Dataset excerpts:
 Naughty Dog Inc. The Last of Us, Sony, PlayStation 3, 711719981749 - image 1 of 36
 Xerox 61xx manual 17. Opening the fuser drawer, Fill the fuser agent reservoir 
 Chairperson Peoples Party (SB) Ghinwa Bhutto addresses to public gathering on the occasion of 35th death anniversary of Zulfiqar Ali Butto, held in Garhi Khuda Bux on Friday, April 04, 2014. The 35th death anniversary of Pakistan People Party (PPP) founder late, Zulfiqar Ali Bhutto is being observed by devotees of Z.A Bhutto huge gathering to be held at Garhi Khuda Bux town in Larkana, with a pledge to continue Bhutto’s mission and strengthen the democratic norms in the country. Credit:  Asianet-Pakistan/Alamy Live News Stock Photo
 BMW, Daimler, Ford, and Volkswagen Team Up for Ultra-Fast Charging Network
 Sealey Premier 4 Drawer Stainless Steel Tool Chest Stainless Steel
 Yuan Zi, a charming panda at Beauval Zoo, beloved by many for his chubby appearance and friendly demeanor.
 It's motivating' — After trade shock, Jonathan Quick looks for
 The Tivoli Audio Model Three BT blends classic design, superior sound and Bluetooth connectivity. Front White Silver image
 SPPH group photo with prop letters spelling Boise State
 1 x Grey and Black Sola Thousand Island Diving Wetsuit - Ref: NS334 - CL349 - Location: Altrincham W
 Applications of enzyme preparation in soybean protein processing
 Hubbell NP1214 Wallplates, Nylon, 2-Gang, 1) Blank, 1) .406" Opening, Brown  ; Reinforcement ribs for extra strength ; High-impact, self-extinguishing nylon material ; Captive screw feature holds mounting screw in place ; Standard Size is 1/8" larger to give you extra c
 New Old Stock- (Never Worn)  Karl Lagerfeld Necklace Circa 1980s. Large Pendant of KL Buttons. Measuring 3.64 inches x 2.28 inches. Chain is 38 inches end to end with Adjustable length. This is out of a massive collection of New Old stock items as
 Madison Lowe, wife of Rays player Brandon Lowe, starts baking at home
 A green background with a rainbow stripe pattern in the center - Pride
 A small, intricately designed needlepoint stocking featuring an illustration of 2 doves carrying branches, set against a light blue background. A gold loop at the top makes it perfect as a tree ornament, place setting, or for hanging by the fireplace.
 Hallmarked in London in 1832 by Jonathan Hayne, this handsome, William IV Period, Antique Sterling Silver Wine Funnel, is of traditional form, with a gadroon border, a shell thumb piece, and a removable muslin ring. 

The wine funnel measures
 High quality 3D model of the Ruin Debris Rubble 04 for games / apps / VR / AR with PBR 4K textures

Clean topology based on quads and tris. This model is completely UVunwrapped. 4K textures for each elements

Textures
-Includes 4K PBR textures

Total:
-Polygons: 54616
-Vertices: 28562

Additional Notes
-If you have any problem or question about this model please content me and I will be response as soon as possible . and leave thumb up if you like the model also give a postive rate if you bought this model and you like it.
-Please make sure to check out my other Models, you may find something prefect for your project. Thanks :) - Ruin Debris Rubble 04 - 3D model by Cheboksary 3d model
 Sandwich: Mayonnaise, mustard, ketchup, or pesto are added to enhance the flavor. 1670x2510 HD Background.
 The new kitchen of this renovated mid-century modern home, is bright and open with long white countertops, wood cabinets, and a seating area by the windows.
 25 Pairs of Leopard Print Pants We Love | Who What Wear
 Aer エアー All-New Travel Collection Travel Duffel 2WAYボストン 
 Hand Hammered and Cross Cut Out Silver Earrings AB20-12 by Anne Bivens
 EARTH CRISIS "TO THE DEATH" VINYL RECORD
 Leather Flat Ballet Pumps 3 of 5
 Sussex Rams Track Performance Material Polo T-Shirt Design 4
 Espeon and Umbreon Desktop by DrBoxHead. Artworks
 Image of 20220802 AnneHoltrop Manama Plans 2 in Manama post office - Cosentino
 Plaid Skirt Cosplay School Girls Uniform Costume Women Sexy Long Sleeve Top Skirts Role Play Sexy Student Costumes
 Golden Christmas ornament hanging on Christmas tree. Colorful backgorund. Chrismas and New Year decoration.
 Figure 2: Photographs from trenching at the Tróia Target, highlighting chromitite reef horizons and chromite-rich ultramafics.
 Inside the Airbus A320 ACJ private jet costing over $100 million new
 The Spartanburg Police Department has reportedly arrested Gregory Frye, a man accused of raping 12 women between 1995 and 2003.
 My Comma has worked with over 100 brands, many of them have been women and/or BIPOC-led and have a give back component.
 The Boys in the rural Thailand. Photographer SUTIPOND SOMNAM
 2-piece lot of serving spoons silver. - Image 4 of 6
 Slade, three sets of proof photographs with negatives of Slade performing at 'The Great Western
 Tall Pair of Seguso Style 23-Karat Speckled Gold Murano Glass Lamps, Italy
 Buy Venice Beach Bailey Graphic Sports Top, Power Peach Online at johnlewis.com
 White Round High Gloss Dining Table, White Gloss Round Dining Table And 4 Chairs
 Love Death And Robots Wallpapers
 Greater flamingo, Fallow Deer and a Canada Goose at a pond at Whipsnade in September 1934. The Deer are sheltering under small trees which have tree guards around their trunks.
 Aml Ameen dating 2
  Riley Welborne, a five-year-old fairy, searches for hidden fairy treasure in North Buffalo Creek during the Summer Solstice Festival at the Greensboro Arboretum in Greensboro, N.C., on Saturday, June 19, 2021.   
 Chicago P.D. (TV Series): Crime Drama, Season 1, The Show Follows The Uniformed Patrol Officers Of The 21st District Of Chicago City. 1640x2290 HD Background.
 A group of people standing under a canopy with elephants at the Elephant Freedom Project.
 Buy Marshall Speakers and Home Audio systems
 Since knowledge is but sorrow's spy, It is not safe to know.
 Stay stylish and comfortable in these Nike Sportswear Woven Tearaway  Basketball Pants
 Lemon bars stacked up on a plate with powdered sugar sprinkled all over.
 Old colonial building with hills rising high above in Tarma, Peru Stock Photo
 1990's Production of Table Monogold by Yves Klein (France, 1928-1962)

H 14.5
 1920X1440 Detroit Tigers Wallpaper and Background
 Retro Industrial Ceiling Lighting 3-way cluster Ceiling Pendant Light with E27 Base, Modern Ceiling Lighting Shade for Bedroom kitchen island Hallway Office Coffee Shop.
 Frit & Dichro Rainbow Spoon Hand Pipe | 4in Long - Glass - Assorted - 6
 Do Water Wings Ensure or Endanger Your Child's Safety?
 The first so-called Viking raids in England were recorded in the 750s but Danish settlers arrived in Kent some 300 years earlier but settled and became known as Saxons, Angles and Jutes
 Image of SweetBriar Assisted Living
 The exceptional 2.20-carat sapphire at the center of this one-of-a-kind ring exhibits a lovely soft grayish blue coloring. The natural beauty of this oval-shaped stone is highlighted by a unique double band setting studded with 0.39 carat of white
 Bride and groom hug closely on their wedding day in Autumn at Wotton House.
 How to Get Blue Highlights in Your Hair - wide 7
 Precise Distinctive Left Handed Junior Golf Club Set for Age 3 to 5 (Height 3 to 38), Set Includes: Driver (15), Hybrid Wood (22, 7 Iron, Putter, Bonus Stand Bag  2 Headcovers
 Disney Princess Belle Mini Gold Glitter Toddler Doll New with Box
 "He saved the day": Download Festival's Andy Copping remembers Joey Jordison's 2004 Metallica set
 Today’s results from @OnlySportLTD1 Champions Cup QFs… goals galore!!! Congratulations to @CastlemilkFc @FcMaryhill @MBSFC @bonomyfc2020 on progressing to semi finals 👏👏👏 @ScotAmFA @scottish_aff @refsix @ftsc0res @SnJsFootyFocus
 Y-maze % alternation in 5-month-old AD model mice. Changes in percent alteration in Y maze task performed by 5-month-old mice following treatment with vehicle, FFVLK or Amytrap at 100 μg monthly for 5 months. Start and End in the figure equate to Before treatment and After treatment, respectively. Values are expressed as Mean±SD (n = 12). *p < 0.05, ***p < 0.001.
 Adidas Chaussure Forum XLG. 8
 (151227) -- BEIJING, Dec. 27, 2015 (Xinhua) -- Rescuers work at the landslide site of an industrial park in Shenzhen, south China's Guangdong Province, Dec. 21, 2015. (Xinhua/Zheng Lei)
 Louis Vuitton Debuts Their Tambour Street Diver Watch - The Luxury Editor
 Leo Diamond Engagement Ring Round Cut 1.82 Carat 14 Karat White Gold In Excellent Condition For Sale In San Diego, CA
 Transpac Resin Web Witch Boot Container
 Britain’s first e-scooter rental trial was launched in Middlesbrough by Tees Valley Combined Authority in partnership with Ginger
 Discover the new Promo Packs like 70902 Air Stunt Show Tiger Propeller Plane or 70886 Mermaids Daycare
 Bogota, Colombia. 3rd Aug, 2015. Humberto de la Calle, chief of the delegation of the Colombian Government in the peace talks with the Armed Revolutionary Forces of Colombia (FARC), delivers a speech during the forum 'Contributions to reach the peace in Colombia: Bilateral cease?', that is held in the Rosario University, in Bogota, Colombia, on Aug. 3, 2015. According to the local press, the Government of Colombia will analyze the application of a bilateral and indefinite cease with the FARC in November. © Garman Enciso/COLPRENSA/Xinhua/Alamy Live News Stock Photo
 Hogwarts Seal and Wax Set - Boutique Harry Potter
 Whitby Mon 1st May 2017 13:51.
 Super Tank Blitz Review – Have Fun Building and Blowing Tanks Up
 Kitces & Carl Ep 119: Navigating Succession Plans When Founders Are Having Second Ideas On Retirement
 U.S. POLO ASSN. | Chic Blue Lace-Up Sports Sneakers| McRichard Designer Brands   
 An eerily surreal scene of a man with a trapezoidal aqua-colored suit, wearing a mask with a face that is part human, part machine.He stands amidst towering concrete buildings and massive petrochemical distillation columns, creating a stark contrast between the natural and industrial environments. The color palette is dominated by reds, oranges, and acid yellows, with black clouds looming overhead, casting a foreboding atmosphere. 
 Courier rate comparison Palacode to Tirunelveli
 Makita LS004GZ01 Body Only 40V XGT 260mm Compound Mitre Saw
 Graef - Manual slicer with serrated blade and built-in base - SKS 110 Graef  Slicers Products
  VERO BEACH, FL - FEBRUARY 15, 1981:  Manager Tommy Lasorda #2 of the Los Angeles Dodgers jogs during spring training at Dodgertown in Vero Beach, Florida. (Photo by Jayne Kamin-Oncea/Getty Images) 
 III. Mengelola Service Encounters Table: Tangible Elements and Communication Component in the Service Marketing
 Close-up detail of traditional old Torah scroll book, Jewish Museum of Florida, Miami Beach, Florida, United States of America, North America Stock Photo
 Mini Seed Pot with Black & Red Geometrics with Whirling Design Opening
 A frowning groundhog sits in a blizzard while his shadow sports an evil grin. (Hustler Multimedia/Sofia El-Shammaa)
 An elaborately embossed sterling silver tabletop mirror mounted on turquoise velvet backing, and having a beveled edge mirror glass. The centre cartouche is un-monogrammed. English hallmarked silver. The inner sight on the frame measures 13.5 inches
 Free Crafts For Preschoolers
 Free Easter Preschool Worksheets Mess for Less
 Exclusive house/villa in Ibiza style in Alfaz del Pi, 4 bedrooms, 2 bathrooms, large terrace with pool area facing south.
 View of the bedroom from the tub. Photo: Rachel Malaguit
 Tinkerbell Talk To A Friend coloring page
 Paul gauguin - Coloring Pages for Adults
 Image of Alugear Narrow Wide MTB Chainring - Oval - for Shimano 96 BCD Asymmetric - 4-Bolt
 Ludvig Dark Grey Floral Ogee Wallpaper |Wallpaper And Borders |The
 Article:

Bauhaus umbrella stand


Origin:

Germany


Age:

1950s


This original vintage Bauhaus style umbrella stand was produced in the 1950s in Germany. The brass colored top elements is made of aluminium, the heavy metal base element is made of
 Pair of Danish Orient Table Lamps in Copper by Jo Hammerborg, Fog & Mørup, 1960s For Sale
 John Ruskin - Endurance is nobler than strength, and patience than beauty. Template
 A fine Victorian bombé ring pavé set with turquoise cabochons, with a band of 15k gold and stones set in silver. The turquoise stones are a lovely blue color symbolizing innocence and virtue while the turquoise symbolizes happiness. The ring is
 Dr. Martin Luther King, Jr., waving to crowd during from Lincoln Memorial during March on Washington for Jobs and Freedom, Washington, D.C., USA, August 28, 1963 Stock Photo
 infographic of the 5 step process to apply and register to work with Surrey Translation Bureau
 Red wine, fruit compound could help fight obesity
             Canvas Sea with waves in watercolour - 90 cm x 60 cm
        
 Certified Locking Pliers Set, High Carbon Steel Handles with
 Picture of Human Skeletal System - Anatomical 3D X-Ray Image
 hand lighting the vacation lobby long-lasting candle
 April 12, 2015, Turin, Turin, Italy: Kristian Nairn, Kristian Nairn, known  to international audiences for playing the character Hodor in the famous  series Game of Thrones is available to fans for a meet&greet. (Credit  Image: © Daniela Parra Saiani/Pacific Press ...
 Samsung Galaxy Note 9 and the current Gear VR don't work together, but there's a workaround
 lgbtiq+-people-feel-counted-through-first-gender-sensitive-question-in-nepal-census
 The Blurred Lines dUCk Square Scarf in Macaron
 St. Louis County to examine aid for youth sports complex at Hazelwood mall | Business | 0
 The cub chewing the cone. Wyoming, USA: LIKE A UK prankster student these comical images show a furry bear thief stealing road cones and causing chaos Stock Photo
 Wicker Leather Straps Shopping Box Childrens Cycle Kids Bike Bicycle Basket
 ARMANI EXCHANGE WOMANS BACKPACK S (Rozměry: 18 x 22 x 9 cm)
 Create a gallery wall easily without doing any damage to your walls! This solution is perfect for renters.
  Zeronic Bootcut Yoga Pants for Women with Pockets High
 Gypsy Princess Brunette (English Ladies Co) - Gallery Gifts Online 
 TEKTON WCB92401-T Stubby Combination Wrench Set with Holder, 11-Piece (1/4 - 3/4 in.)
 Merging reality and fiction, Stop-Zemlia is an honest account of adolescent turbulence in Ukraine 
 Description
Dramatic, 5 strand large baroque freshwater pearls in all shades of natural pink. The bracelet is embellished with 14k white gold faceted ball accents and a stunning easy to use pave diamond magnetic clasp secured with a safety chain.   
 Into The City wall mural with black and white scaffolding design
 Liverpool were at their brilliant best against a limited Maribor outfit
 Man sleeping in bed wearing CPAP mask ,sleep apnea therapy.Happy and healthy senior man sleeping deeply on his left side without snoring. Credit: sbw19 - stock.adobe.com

◆ **Work instruction**:
Of all the entries above, repeat only the lines from the line that has "Courier rate comparison" to the line that has "A frowning groundhog", both lines included, exactly.

◆ **Result for this exercise**:
 Courier rate comparison Palacode to Tirunelveli
 Makita LS004GZ01 Body Only 40V XGT 260mm Compound Mitre Saw
 Graef - Manual slicer with serrated blade and built-in base - SKS 110 Graef  Slicers Products
  VERO BEACH, FL - FEBRUARY 15, 1981:  Manager Tommy Lasorda #2 of the Los Angeles Dodgers jogs during spring training at Dodgertown in Vero Beach, Florida. (Photo by Jayne Kamin-Oncea/Getty Images) 
 III. Mengelola Service Encounters Table: Tangible Elements and Communication Component in the Service Marketing
 Close-up detail of traditional old Torah scroll book, Jewish Museum of Florida, Miami Beach, Florida, United States of America, North America Stock Photo
 Mini Seed Pot with Black & Red Geometrics with Whirling Design Opening
 A frowning groundhog sits in a blizzard while his shadow sports an evil grin. (Hustler Multimedia/Sofia El-Shammaa)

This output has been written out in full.